Provisions on contract bundling also were included in today’s mark up. H.R. 4094, The Contracting Data and Bundling Accountability Act, passed by a voice vote. The Committee agreed with the conclusions of the staff’s research that transparency and accountability issues must be addressed before any effective substantive change can be made to the law. The federal agencies have a different way of defining and reporting contract bundling. Some agencies let large contracts and claim that they do not engage in contract bundling. Some agencies report contracts as being bundled that are not bundled. Upon further examination, the agency let the exact same contact multiple times. The provisions that were marked up address data quality from the agencies.
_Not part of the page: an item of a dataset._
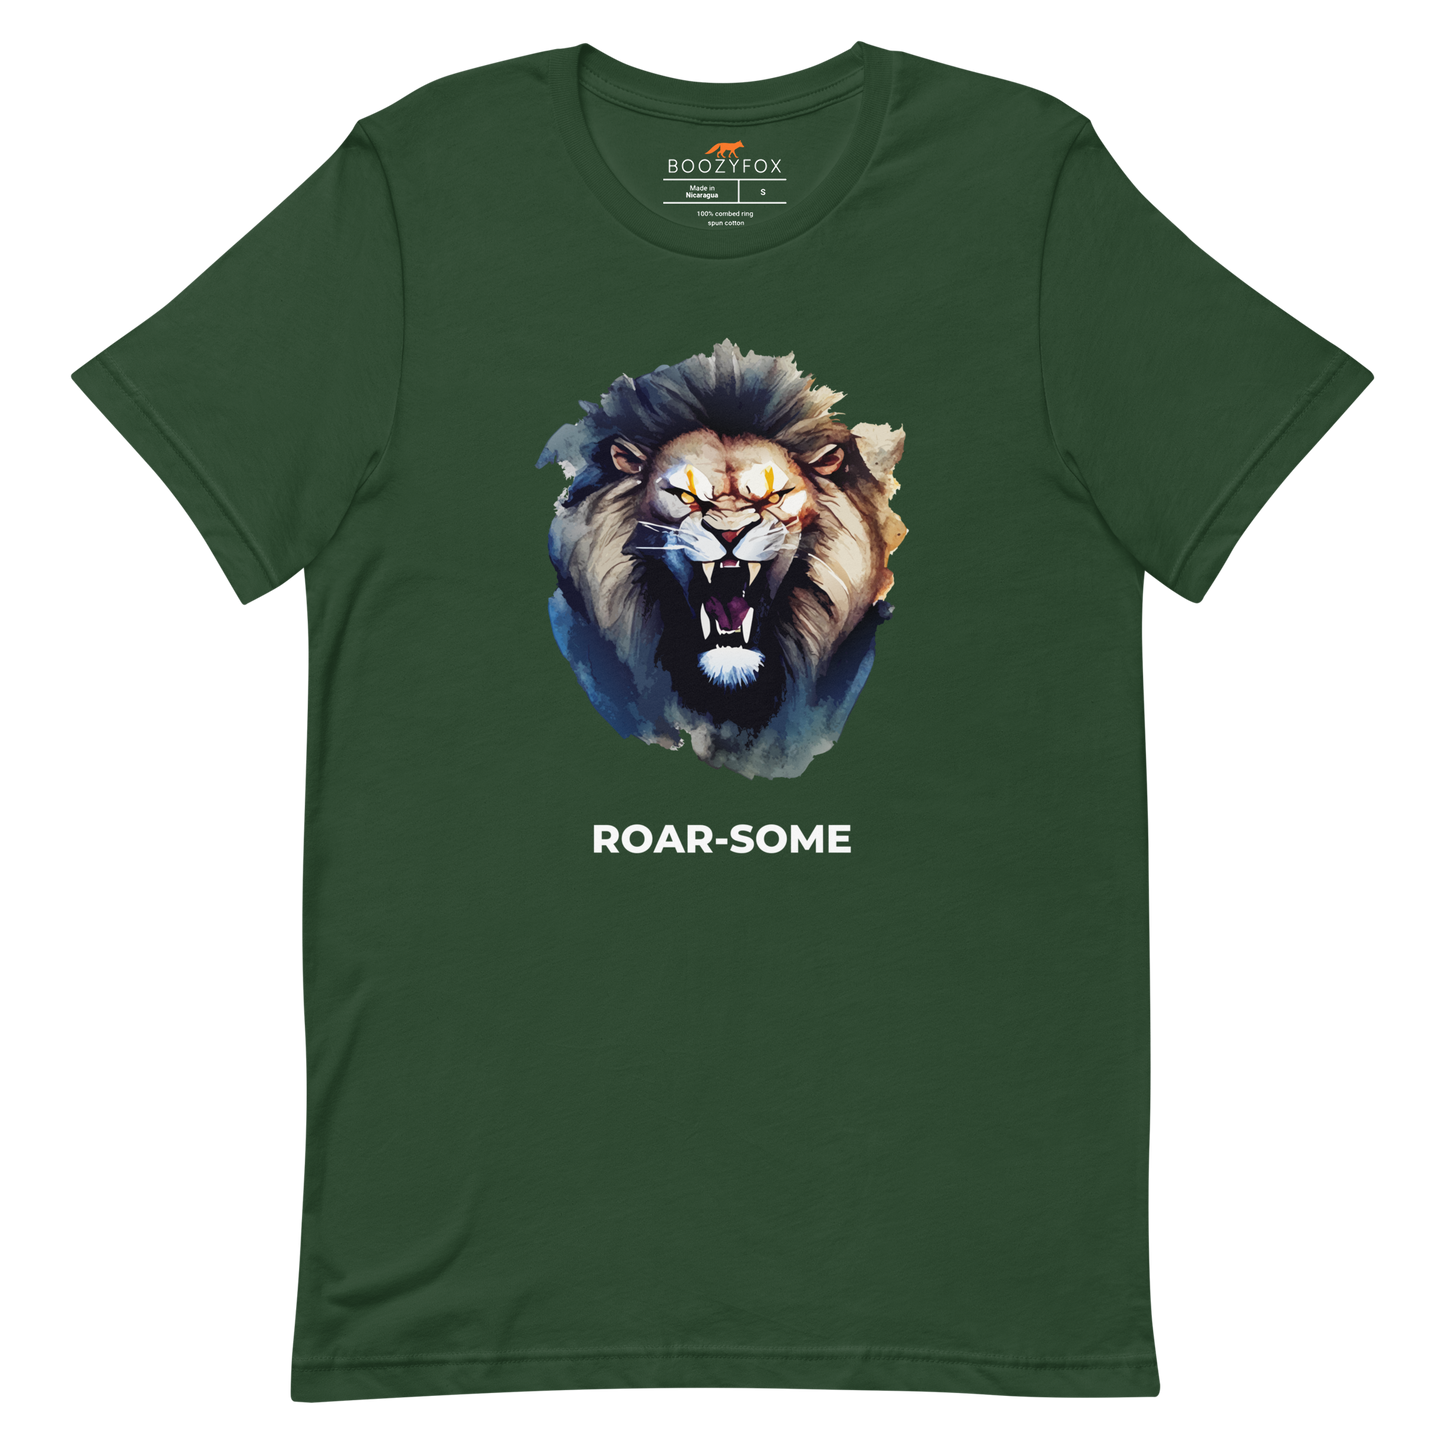 Forest Green Premium Lion Tee featuring a Roar-Some graphic on the chest - Cool Graphic Lion Tees - Boozy Fox

The Improving Opportunities for Service-Disabled Veteran-Owned Small Businesses Act, H.R. 2882, generated no debate on its substance, but resulted in another party line vote on funding for the bill. H.R. 2882 is intended to eliminate the problems of different definitions, interpretations and processes for service-disabled veterans between the Small Business Administration and the Veterans Affairs Administration. Veterans that qualify at one agency as service-disabled do not qualify as such for benefits and assistance at the other. The SBA will be charged to develop a single bright line test and otherwise create a single process for veterans’ applications for assistance. Under the legislation, funding for new SBA functions will come from fees that the Veterans Administration collects and retains, which are not subject to appropriations. Such fees would have to be remitted in part to the SBA. The Democrats contended that this is unstable funding for such important functions to serve veterans and wanted a $15 million appropriation instead. Any appropriation would have to be funded with new revenues or cuts in spending, which would make the bill difficult to pass. The proposed appropriation was defeated on a party line vote.